Those are just the places I've been. 

For places i want to go, out west anywhere. Utah, CO, Mammoth, Oregon, Revelstoke. Anywhere. Then the Swiss Alps. Italian Alps. Anything ending in "…Alps."

If not those, then surfing in Costa Rica would do me fine until I die.


----------



## kalev

Bucket List (North America):

-Revelstoke (resort & b/c)
-Kicking Horse
-Whitewater
-Red
-Lake Louise
-Rogers Pass(b/c)
-Glacier Nat Park (b/c)
-Bella Coola (b/c)
-AK
-Aspen 
-Jackson Hole
-Mad River Glen 

Some places I've been:

-Whistler
-Big White
-Sun Peaks
-Sutton
-Tremblant
-Orford

Bucket List (international):

-NZ
-Japan
-Chamonix
-Patagonia
-Nevis Range (Scotland)


----------



## poutanen

neednsnow said:


> I have to admit, marketing goes a long way. However, with Whistler, I'm looking for size and experience. Good Town, Big Mountain, Tons of Elevation. Revelstoke and Banff are also on the list, but the access to Whistler is much easier.

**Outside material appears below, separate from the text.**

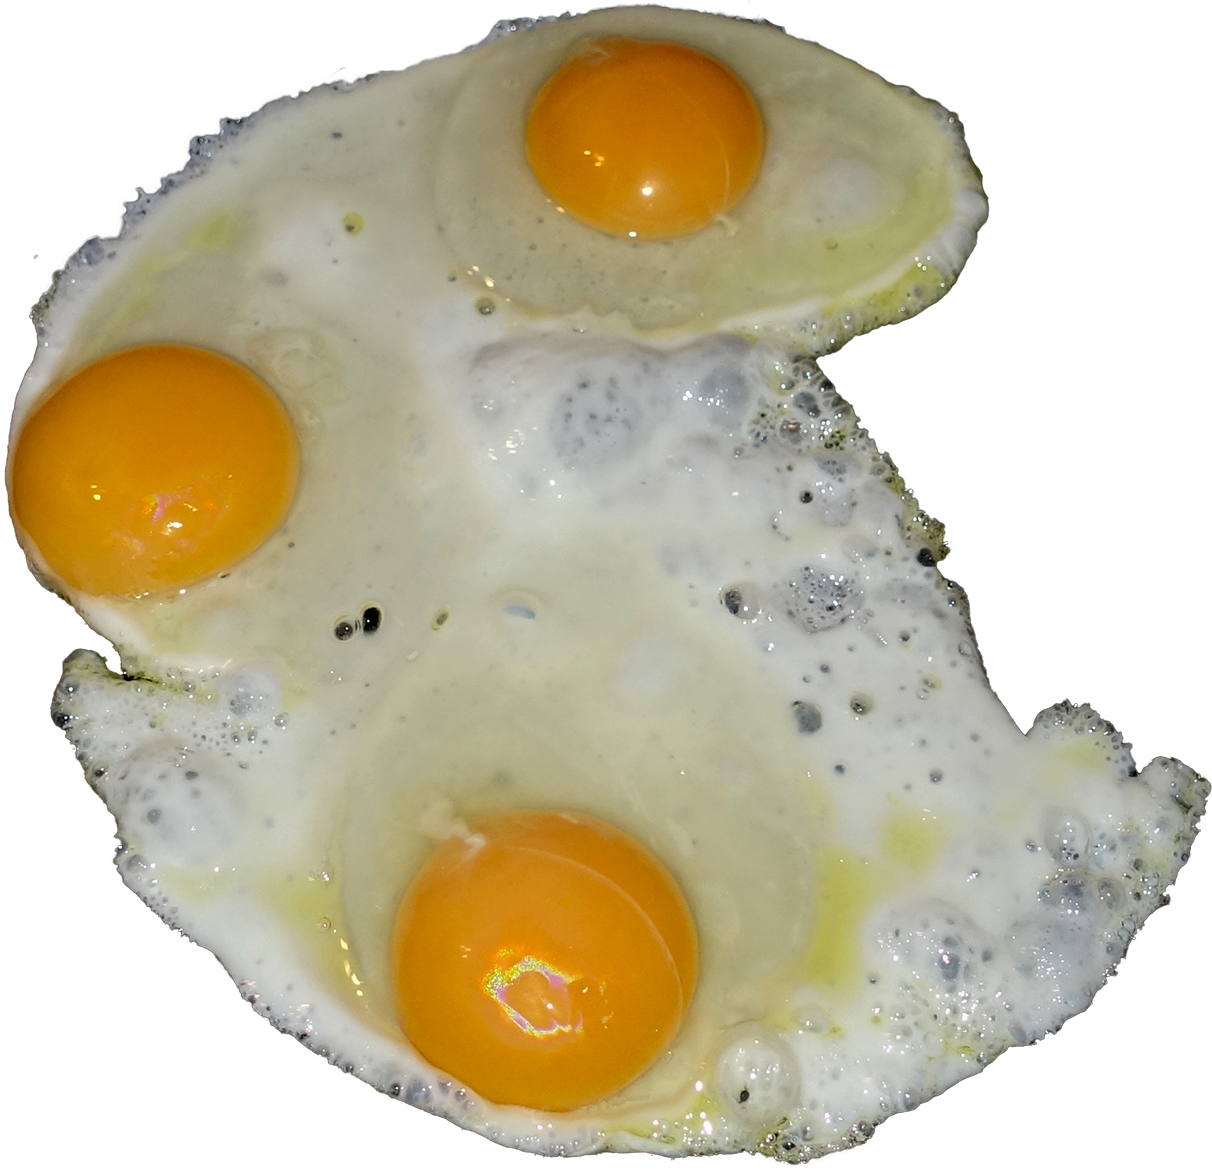 egg png download - 4096*4096 - Free Transparent Fried Egg png

Fair enough, I just find once you hit a certain acreage, there's no point in being bigger (there's also nothing wrong with it). So then I go to lift lines, typical snow, terrain, etc.

At Kicking Horse you can go up one lift, hike, and ride some of the best in bounds technical terrain I've ever seen. At W/B you'd have to ride three lifts to get to the same type of terrain.

I'd love to spend a week in Whistler right after/during a massive snowfall, but if I was trying to get the most vert each day through fun terrain, I'd probably hit a different resort.

Besides, if you're looking for size, there's only one tallest resort in North America!


----------



## SkullAndXbones

Bones said:


> Places on the bucket list
> 
> St. Anton


this needs to be on more bucket lists. i haven't been there yet but it's definitely on mine


----------



## jliu

Been to:
- Whistler
- Kicking Horse
- Revy
- Vail
- Copper
- Steamboat
- Beaver Creek
- Sunshine
- Lake Louise
- Stowe
- Jay
- Tremblant

Immediate targets:
- Big Sky
- Fernie
- Big White 

Future targets:
- Baldface
- Saas Fee
- JP


----------



## ksup3erb

Japan
Alta
Deer Valley
Mad River Glen

In that order


----------



## Handbanana

ksup3erb said:


> Japan
> Alta
> Deer Valley
> Mad River Glen
> 
> In that order


So you're giving up snowboarding after visiting Japan?


----------



## ksup3erb

Handbanana said:


> So you're giving up snowboarding after visiting Japan?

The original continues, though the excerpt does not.